MyResampleSampler_pretrain
from cryodata import MyResampleSampler_pretrain
sampler = MyResampleSampler_pretrain(
id_index_dict=id_index_dict, # {class_id: [indices]}
batch_size_all=256, # total batch size across all processes
max_number_per_sample=1000, # max particles sampled per class per epoch
shuffle_type='class', # 'all', 'class', or 'batch' (int)
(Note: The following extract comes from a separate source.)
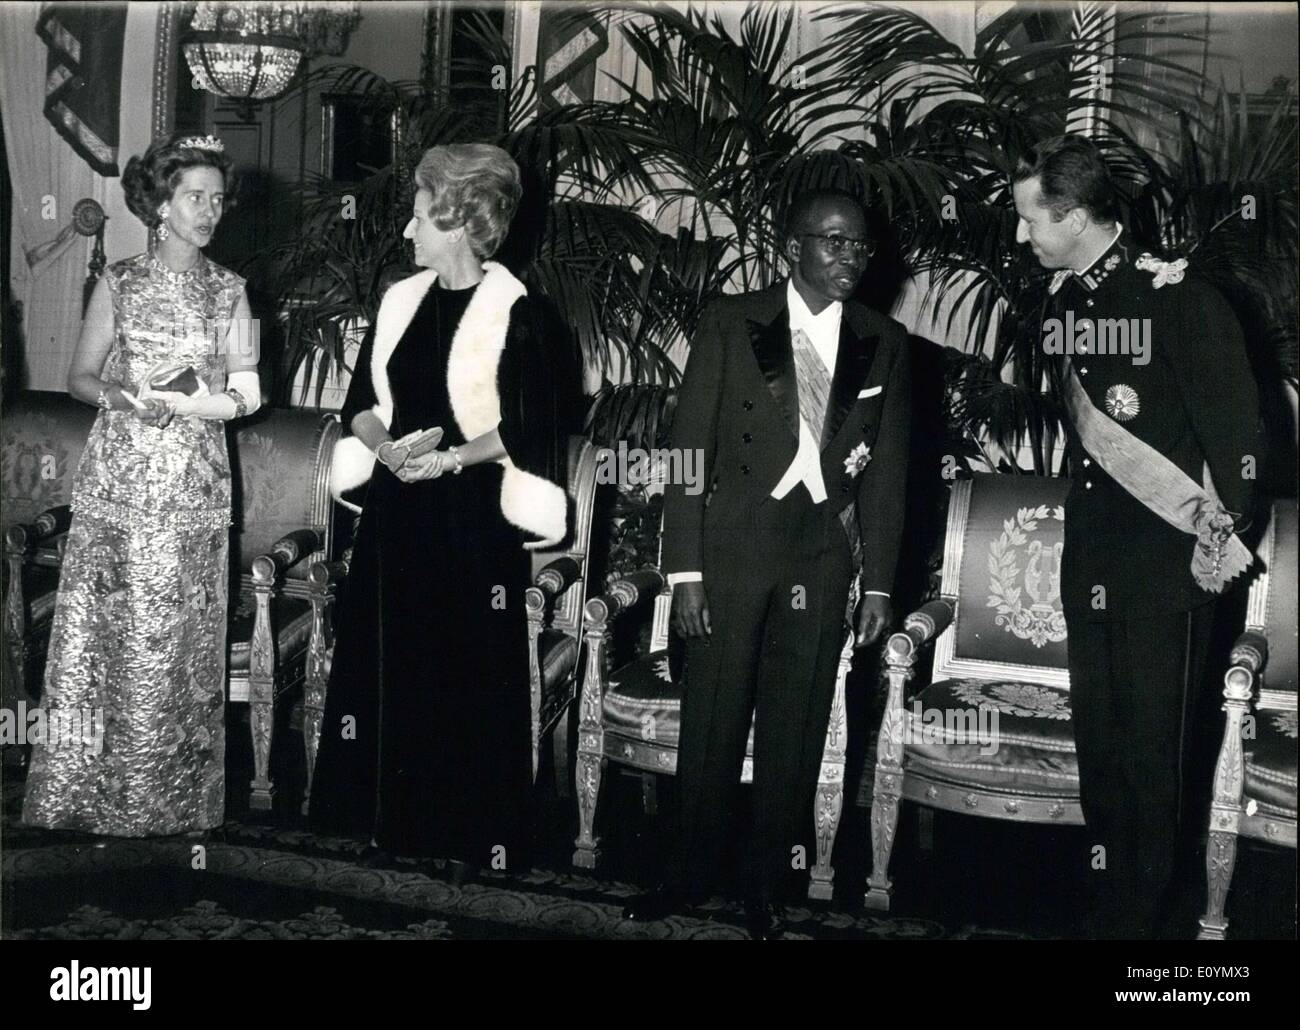 Oct. 22, 1970 - At the Brussels Royal Palace, left to right: Queen Fabiola, Madame Senghor, President Senghor, and King Baudouin. Stock Photo

shuffle_mix_up_ratio=0.2, # fraction of each class used for cross-class mixing
bad_particles_ratio=0.1, # fraction of slots given to low-quality particles
)
A torch.utils.data.Sampler for pre-training with large multi-class datasets. Resamples each class up to max_number_per_sample and optionally mixes a fraction of particles across classes to improve generalisation. Supports multi-process training via num_processes.
Format Conversion
cs2star
from cryodata.cs_star_translate.cs2star import cs2star
# Single CS file
cs2star('particles.cs', 'output.star')
# CS file with a passthrough file
cs2star(['particles.cs', 'passthrough_particles.cs'], 'output.star')
Converts a cryoSPARC .cs file to a RELION-compatible STAR file. When multiple input paths are provided, the first is the primary .cs file and the rest are passthrough files whose columns are merged in. The output STAR file includes RELION 3.1 optics group metadata.
| Parameter | Type | Default | Description |
|---|---|---|---|
input |
str or list[str] |
— | Path(s) to .cs file(s); if a list, first entry is the primary file and the rest are passthroughs |
output |
str |
— | Path for the output .star file |
minphic |
float |
None |
Minimum posterior probability threshold for class assignment |
boxsize |
int |
None |
Override particle box size in the output |
noswapxy |
bool |
False |
Disable the default X/Y coordinate swap |
invertx |
bool |
False |
Invert X coordinates |
inverty |
bool |
False |
Invert Y coordinates |
FFT Utilities
The fft module provides centered Fourier and Hartley transforms for 2D cryo-EM images. All functions accept NumPy arrays; fft2_center and ht2_center additionally accept PyTorch tensors via tensor=True.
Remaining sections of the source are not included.